To address these challenges, we explore exploiting the correlations among expressions and AUs to learn AU features in an unsupervised manner and adaptively select these features for feature enhancement by developing a novel AU-Expression Knowledge Constrained Representation Learning (AUE-CRL) framework. Specifically, there exist strong correlations among expressions and AUs. We first design a knowledge-guided AU representation learning module that leverages these correlations to covert expression labels to pseudo AU labels and utilizes pseudo labels to train the AU classifiers to obtain the AU features. As suggested in previous work, different AUs also have obvious co-occurrence dependencies, and these dependencies are important for selecting useful AUs. With the AU features, we further introduce a knowledge-guided attention module that learns to adaptively mine the most relevant AU features under the constraint of AU dependencies. In this way, the framework can automatically discover useful local facial behaviors to facilitate FER.
In summary, the contributions of this work are three-fold. First, we design a novel AU-Expression Knowledge Constrained Representation Learning (AUE-CRL) framework that exploits prior knowledge of AU-expression correlations to automatically discover useful AU features for feature enhancement to facilitate recognizing facial expression. Second, we propose to leverage the AU-expression correlations to guide learning AU features without AU annotations. Thus, the framework can be easily generalized to all of current FER datasets. Finally, we conduct extensive experiments on several large-scale in-the-wild datasets to demonstrate the effectiveness of the proposed framework, and carry out ablative studies to analyze the actual contribution of each key component.

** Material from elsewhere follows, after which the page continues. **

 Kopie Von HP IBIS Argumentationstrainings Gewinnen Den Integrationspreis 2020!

In this section, we review the most related works about facial expression recognition and facial action unit detection.
Previous works on facial expression recognition mainly focused on the basic categories (e.g., happy, angry, etc.) in which the data were collected by asking volunteers to make specific expressions in the constrained lab environments [39, 9]. Traditional methods primarily designed hand-crafted features (e.g., Local Binary Pattern (LBP) [39], Bag of Word (BoW) [16], and Histogram of Oriented Gradient (HoG) [9]). These methods can achieve satisfactory performance in such constrained environments. Recently, there emerged various large-scale datasets, in which the data were captured in real-world scenarios [21, 32, 25]
. Compared with previous in-the-lab settings, these datasets were even more challenging due to more variance in pose, illumination, etc. Previous hand-crafted features could hardly capture such variance and thus they worked quite poor on these datasets. To address this issue, recent works resorted to deep convolutional networks
[36, 15] to learn more powerful feature representation for expression recognition. For example, Liu et al. [25]proposed a Boosted Deep Belief Network to learn feature that could characterize expression-related facial appearance/shape changes. Mollahosseini et al.

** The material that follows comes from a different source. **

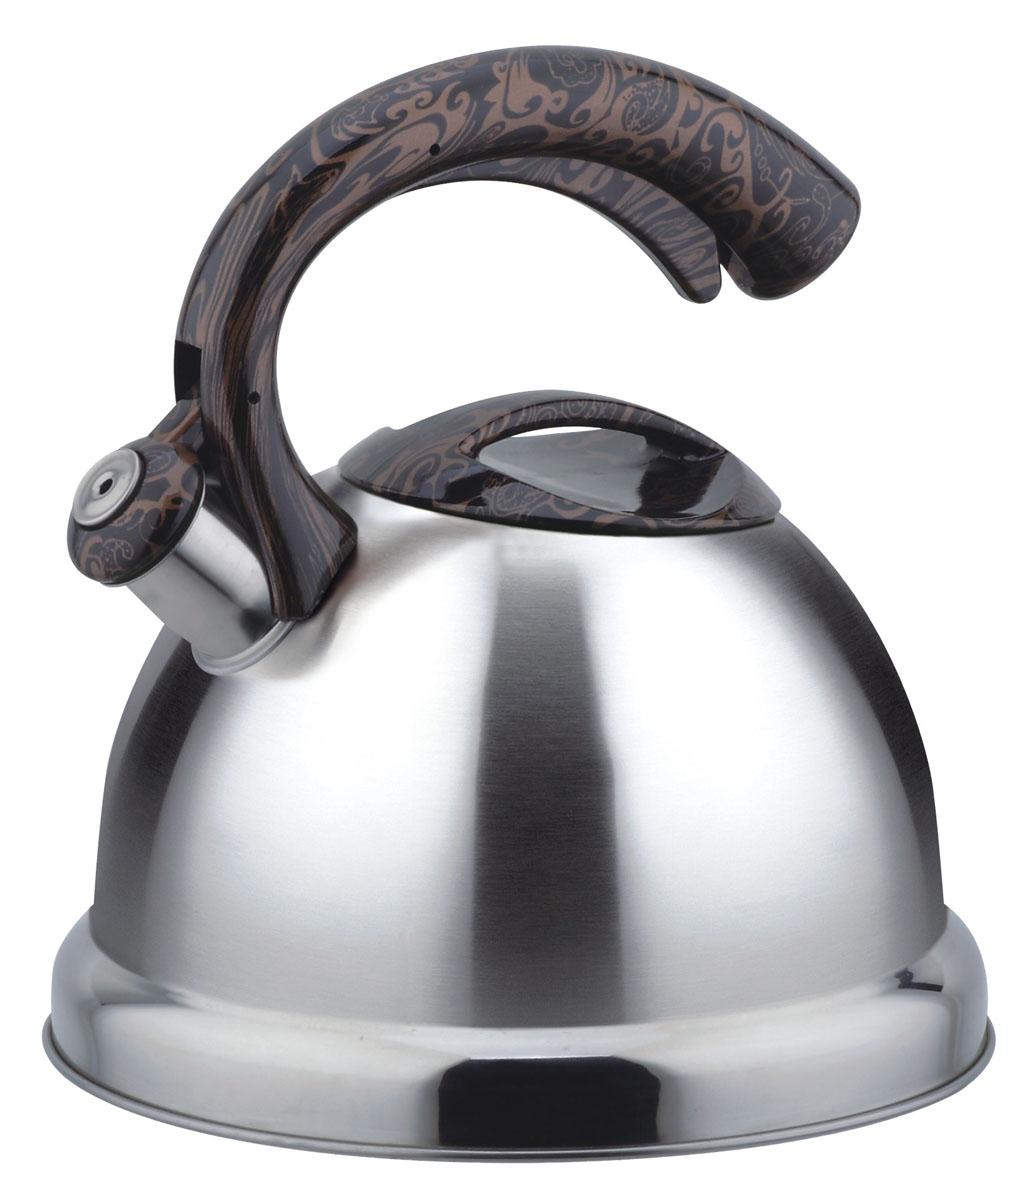 Чайник Bekker Koch со свистком, 3 л. BK-S454VT-1520(SR)Чайник Bekker Koch изготовлен из высококачественной нержавеющей стали 18/10. Поверхность матовая с зеркальной полосой по нижнему краю. Цельнометаллическое дно распределяет тепло по всей поверхности, что позволяет чайнику быстро закипать. Крышка и эргономичная фиксированная ручка выполнены из бакелита с изящным узором. Носик оснащен откидным свистком, который подскажет, когда вода закипела. Свисток открывается и закрывается нажатием рычага на ручке. Подходит для всех типов плит, включая индукционные. Можно мыть в посудомоечной машине.

[31]designed deeper convolutional networks that built on inception module
[37] to extract more discriminative feature for recognition. Liu et al. [24]exploited 3D Convolutional Neural Networks that was trained with deformable action parts constraints to learn discriminative part-based representation. Yu et al.

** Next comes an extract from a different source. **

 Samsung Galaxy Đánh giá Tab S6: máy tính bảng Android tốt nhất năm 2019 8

[43] ensembled multiple deep Convolutional Neural Networks to further improve recognition accuracy. Different from these works, our method introduces the relationships between AU-expression and relationship among AUs to mine information of AUs to help capture local facial behaviors to facilitate facial expression recognition.The proposed method is also related to some recent works that also exploit prior knowledge to facilitate visual reasoning [42, 6, 4, 7, 8, 41]. For example, Chen et al. introduce the co-occurrence correlations among different categories to help better recognize multiple semantic objects [7, 4]. Generally, these methods represent prior knowledge in the form of graphs and introduce the graph neural networks [23, 18] for message propagation to learn contextualized feature representations. Different from these works, we introduce the relationships between AU-expression and among AUs to guide generating pseudos AU labels for AU representation learning and selecting useful AUs for facial expression recognition.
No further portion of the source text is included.